Produce an exact transcription of the listing below, omitting the pictures.

— Data extract —
== == ==

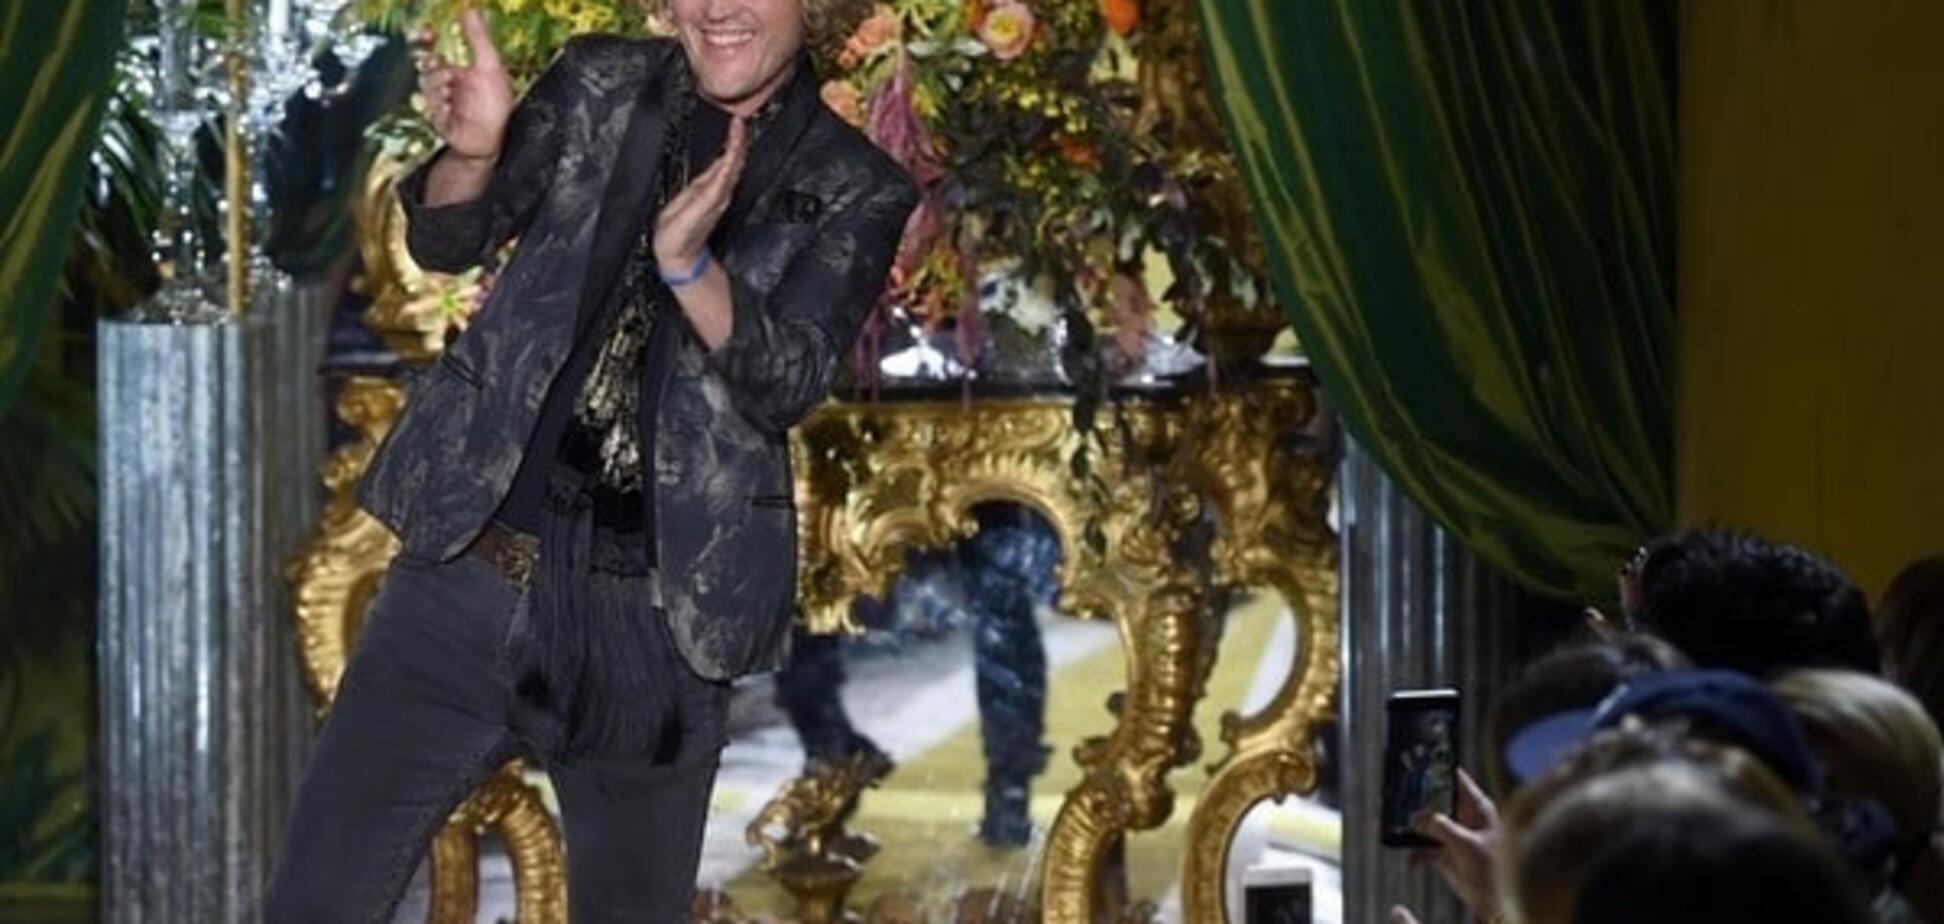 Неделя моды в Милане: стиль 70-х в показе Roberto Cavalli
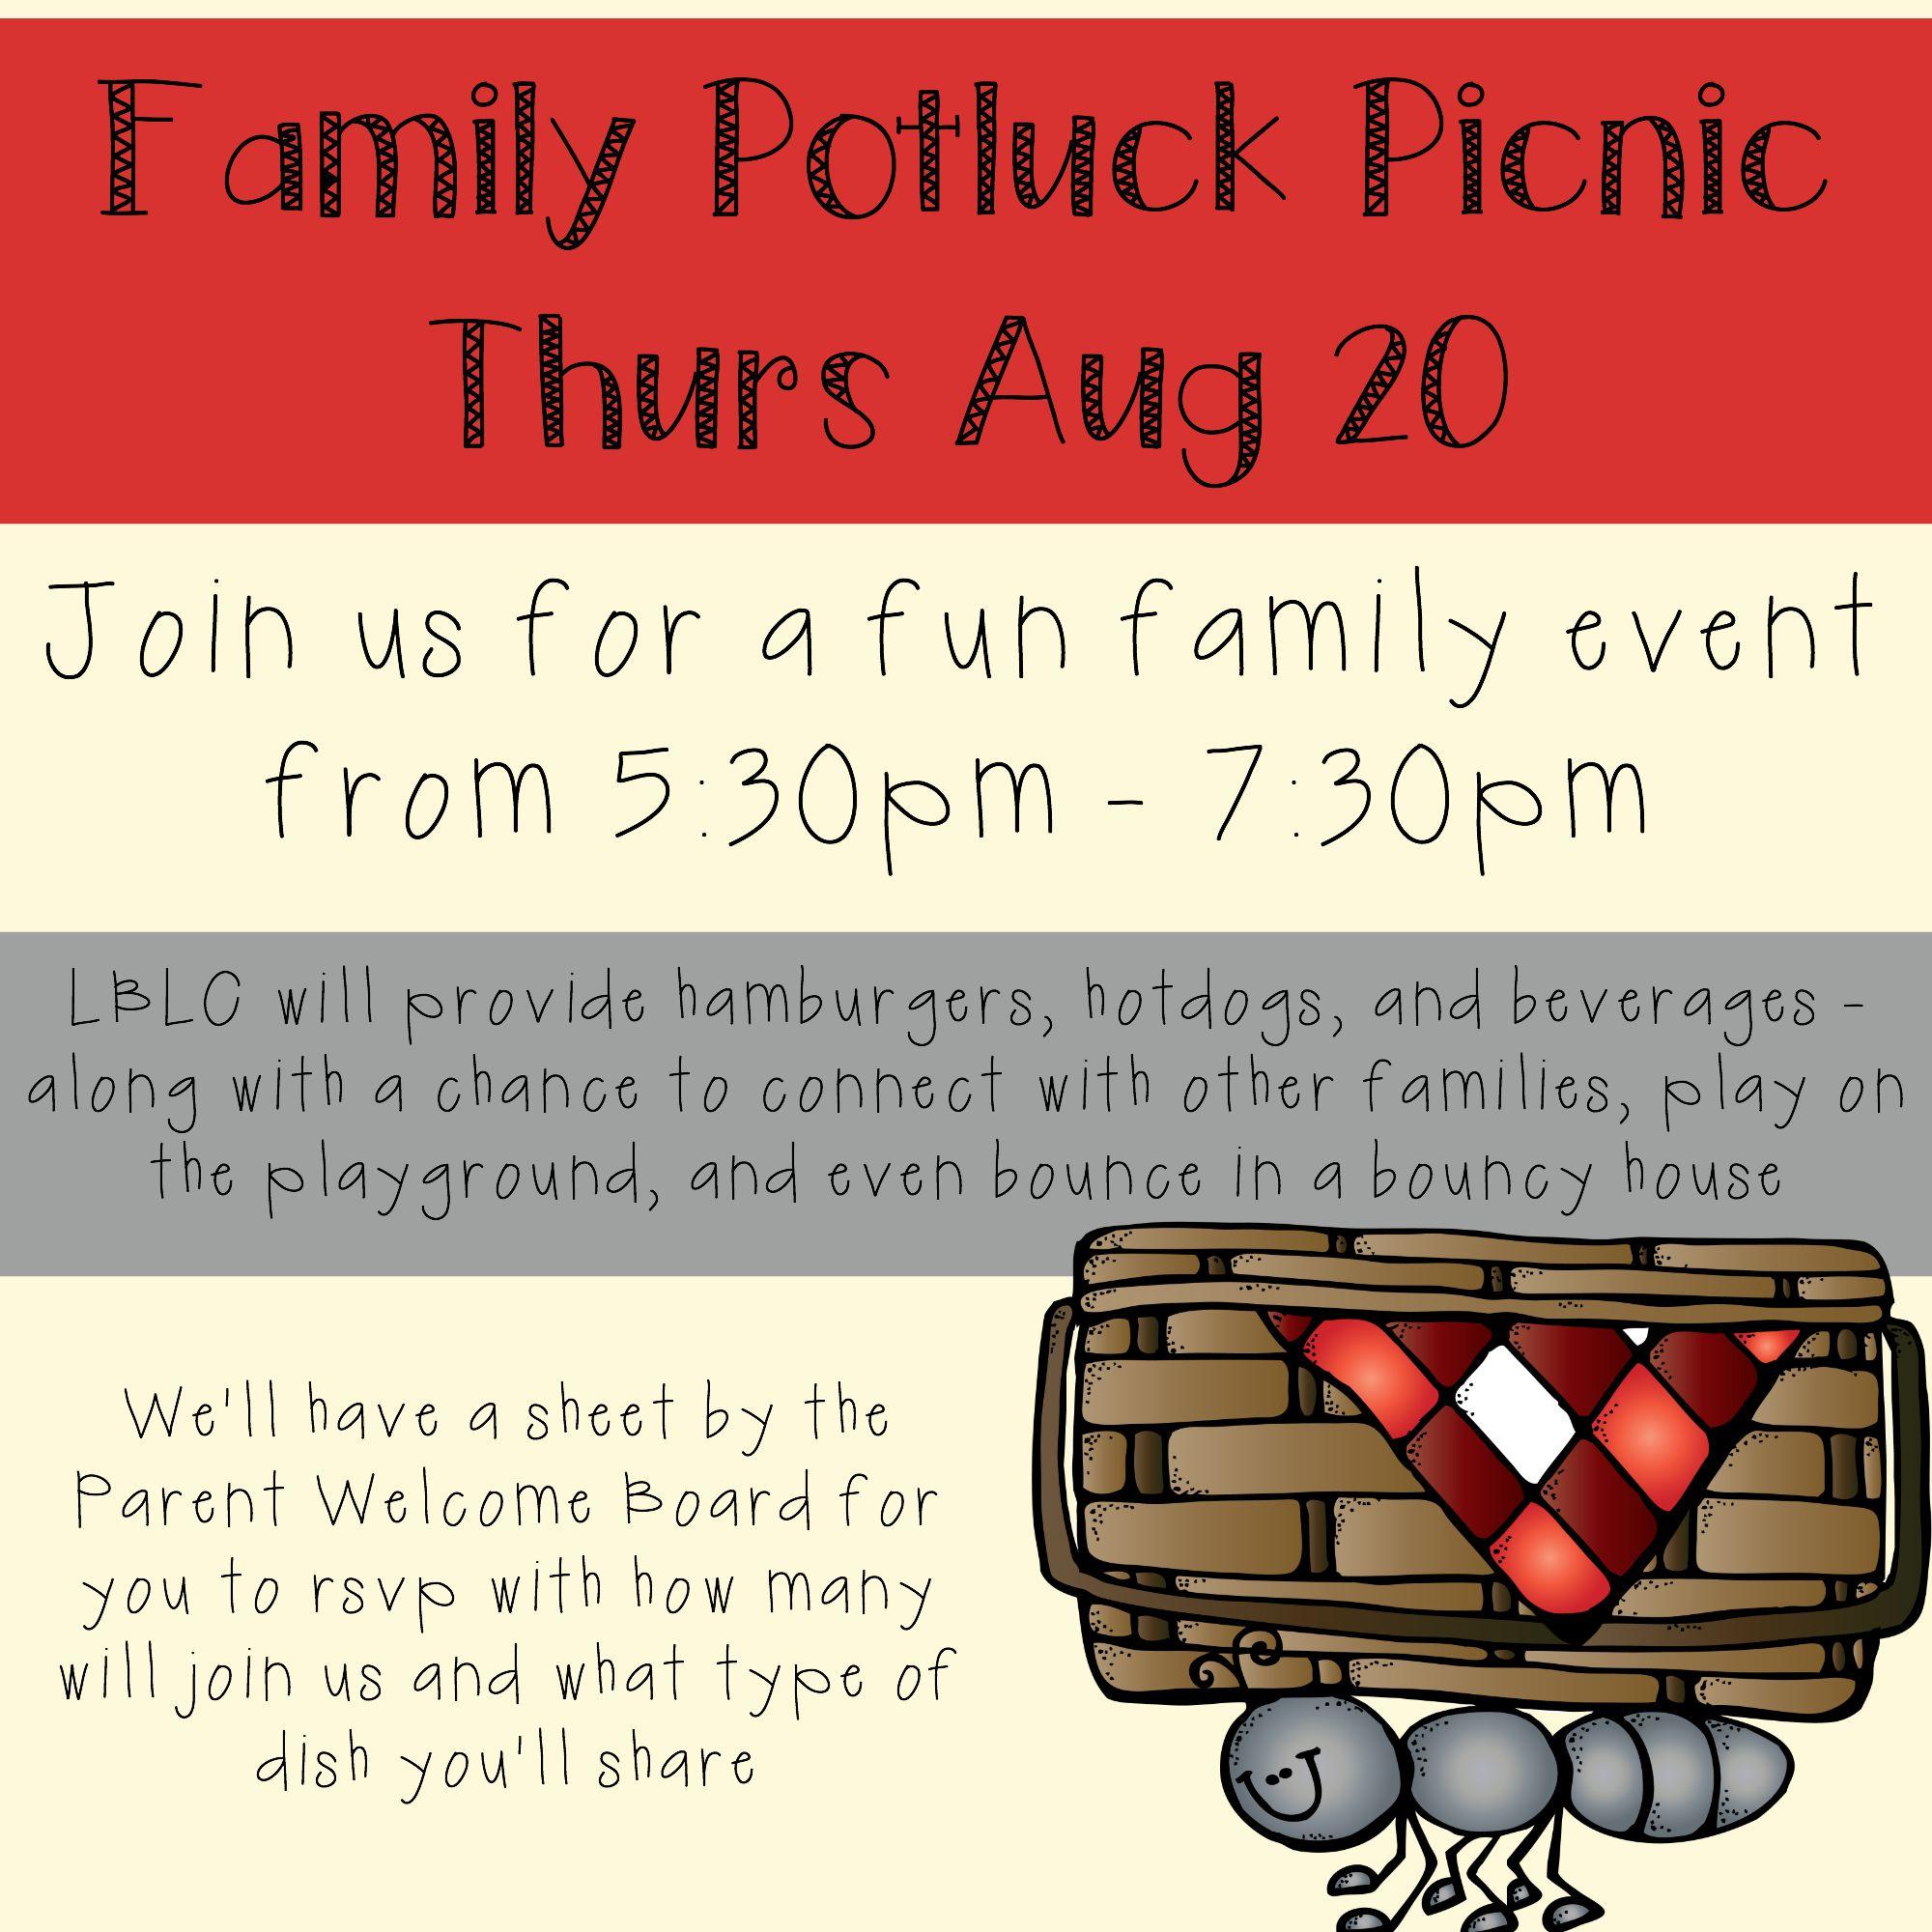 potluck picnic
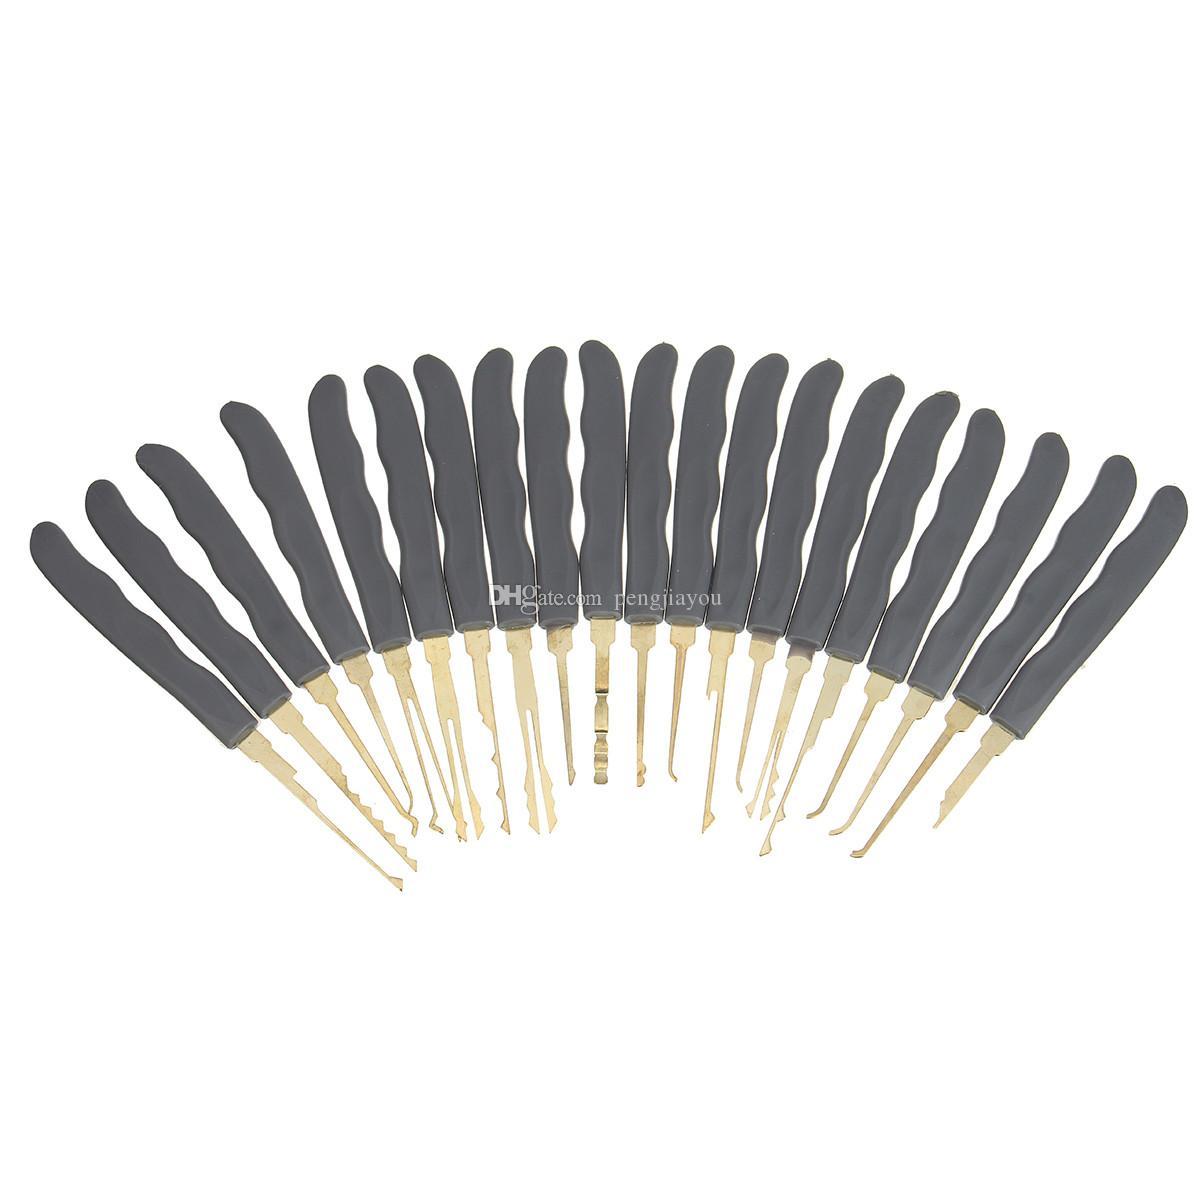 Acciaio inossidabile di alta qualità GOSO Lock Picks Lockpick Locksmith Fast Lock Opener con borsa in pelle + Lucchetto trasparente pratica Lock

== == ==

— Answer to this task —
 Неделя моды в Милане: стиль 70-х в показе Roberto Cavalli
 potluck picnic
 Acciaio inossidabile di alta qualità GOSO Lock Picks Lockpick Locksmith Fast Lock Opener con borsa in pelle + Lucchetto trasparente pratica Lock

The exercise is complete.